EXECUTE IMMEDIATE 'ANALYZE TABLE '||x.owner||'.'||x.table_name
||' LIST CHAINED ROWS INTO chained_rows';
END LOOP;
END;
/

Having identified the migrated rows, I produced a simple report

SELECT /*+LEADING(c)*/ c.*, t.num_rows
, c.chained_rows/t.num_rows*100 pct_chained
, t.pct_free, t.pct_used
, 100-FLOOR((100-t.pct_free)*(1-c.chained_rows/t.num_rows)) new_pct_free
FROM (
SELECT owner_name, table_name, COUNT(*) chained_rows
FROM chained_rows c
GROUP BY owner_name, table_name) c
, all_tables t
WHERE t.owner = c.owner_name
AND   t.table_name = c.table_name
AND   t.num_rows > 0
ORDER BY chained_rows desc, 1,2
/

The last column of the report is a calculated new value for PCTFREE. The amount of in a block that can be used to insert new rows (100-PCTFREE) space used is scaled back by the proportion of migrated rows.

NB: This approach doesn't take chained rows into account. Chained rows are too big to fit in a single block under any circumstances, as opposed to migrated rows that could have fitted in a block had there been space. However, Oracle counts both types and stores the result in the column CHAIN_CNT.

Chained   Number             %    %   New
Owner    Table Name                 Rows  of Rows %Chained Free Used %Free
-------- -------------------- ---------- -------- -------- ---- ---- -----
MY_APP   MY_TABLE                 239667  1193233     20.1   10   40    29
…

The script then generates certain commands for each table. First the table is rebuilt by moving it to the same tablespace.

I specify PCTFREE as 1. Usually, the whole table does not need to be rebuilt with the new higher value for PCTFREE. Most of the rows are fully populated and generally will not grow further because they have already migrated. Setting a high value for PCTFREE will simply result in leaving a lot of free space, and result in Oracle reading more blocks for the same data. Instead, I set a low value for PCTFREE in order to pack the data into the minimum number of blocks.

ALTER TABLE MY_APP.MY_TABLE MOVE TABLESPACE MYAPP_TABLE PCTFREE 1;
…

The new value for PCTFREE is then applied to the table. This approach is not foolproof. It is possible for existing rows, that have now been packed into the minimum number of blocks, to grow and to be migrated. However, I have found that this happens relatively rarely.

If necessary, I also reduce PCTUSED such that the sum of the new PCTFREE and the old PCTUSED does not exceed 90. The old value is shown in the comment for reference.

ALTER TABLE MY_APP.MY_TABLE PCTFREE 29 /*10*/ PCTUSED 40;
…

Finally, all the indexes on the rebuilt tables need to be rebuilt, because they are invalidated by the table rebuild.
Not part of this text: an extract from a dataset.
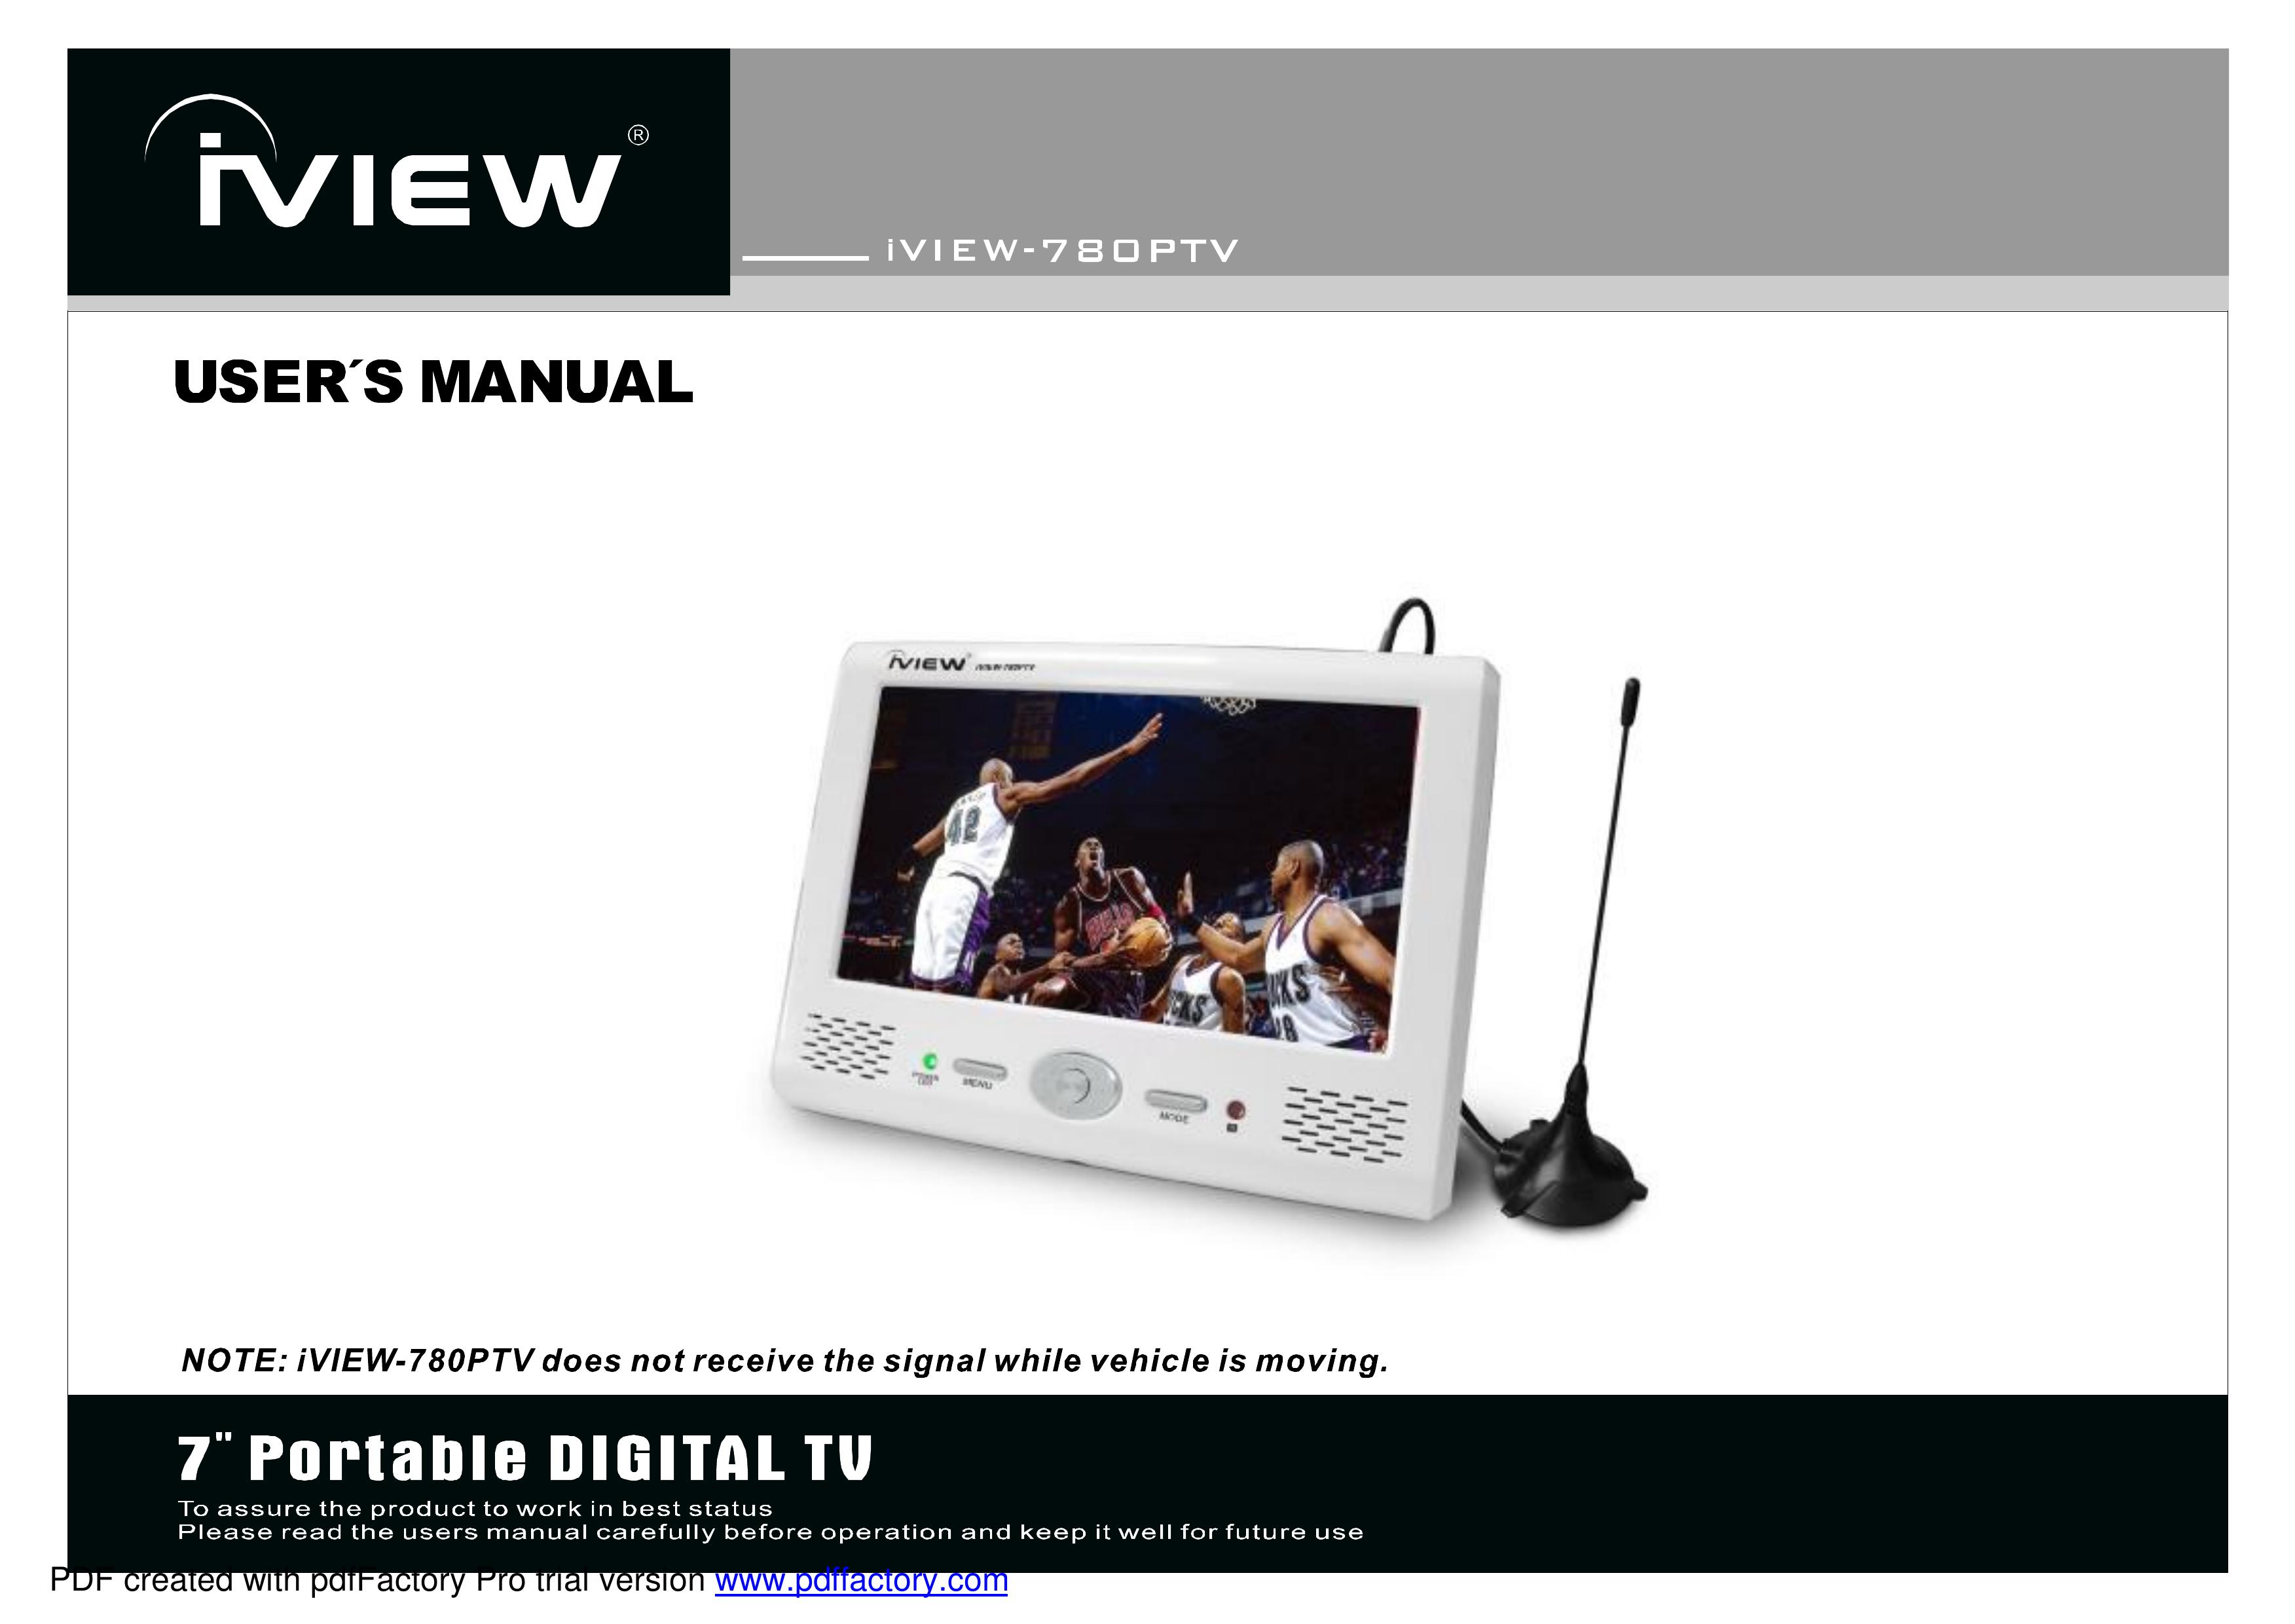 Radio Shack 780PTV Handheld TV User Manual

ALTER INDEX IDX_MY_TABLE_BH25150A REBUILD TABLESPACE MYAPP_INDEX;
ALTER INDEX IDX_MY_TABLE_BH25150B REBUILD TABLESPACE MYAPP_INDEX;
ALTER INDEX IDX_MY_TABLE_BH25150C REBUILD TABLESPACE MYAPP_INDEX;
ALTER INDEX IDX_MY_TABLE_BH25150D REBUILD TABLESPACE MYAPP_INDEX;
ALTER INDEX IDX_MY_TABLE_BH25150E REBUILD TABLESPACE MYAPP_INDEX;
ALTER INDEX IDX_MY_TABLE_BH25150F REBUILD TABLESPACE MYAPP_INDEX;

Conclusion
  • The table no longer has migrated rows.
  • The existing data is packed with little free space, minimising the size of the table.
  • Free space will be left in new blocks to allow new rows to expand without migrating.
  • All of the DDL to fix the problem has been built dynamically.
(5.11.2009) See also Tanel Poder's blog: Core IT for Geeks and Pros: Detecting and Fixing Row Migration

Monday, December 15, 2008

Row Migration can Aggravate Contention on Cache Buffers Chains Latch

AWR Wait EventsOne of my customers has an Oracle based system with a large number of concurrent users. For time to time, the users would report that the system would 'grind to a halt'. Examination of AWR data showed lots of time spent waiting on latch: cache buffers chains (I discussed how to graph AWR data in Excel in a previous blog entry, which is how I produced this graph of database wait events).

They system had been able to go for weeks without an incident. More recently, as more users have been migrated onto the system, we would a series of days with spikes on this wait event, though they were normally quite short-lived. The incident shown in this chart was unusual in that it lasted most of a day. The chart also shows that a reasonable amount of time was lost on db file sequential read, this is consistent with blocks being loaded into the buffer cache, requiring access to the cache buffer chains, and hence requiring access to the latch that protects these chain.

Concurrent Database SessionsUsing a similar technique I was graph the number of database sessions over time, and I found a similar series of spikes.

By eye I could see that the spikes in the latch contention seemed to correspond to the spikes in the number of concurrent user sessions, and they had roughly the same shape.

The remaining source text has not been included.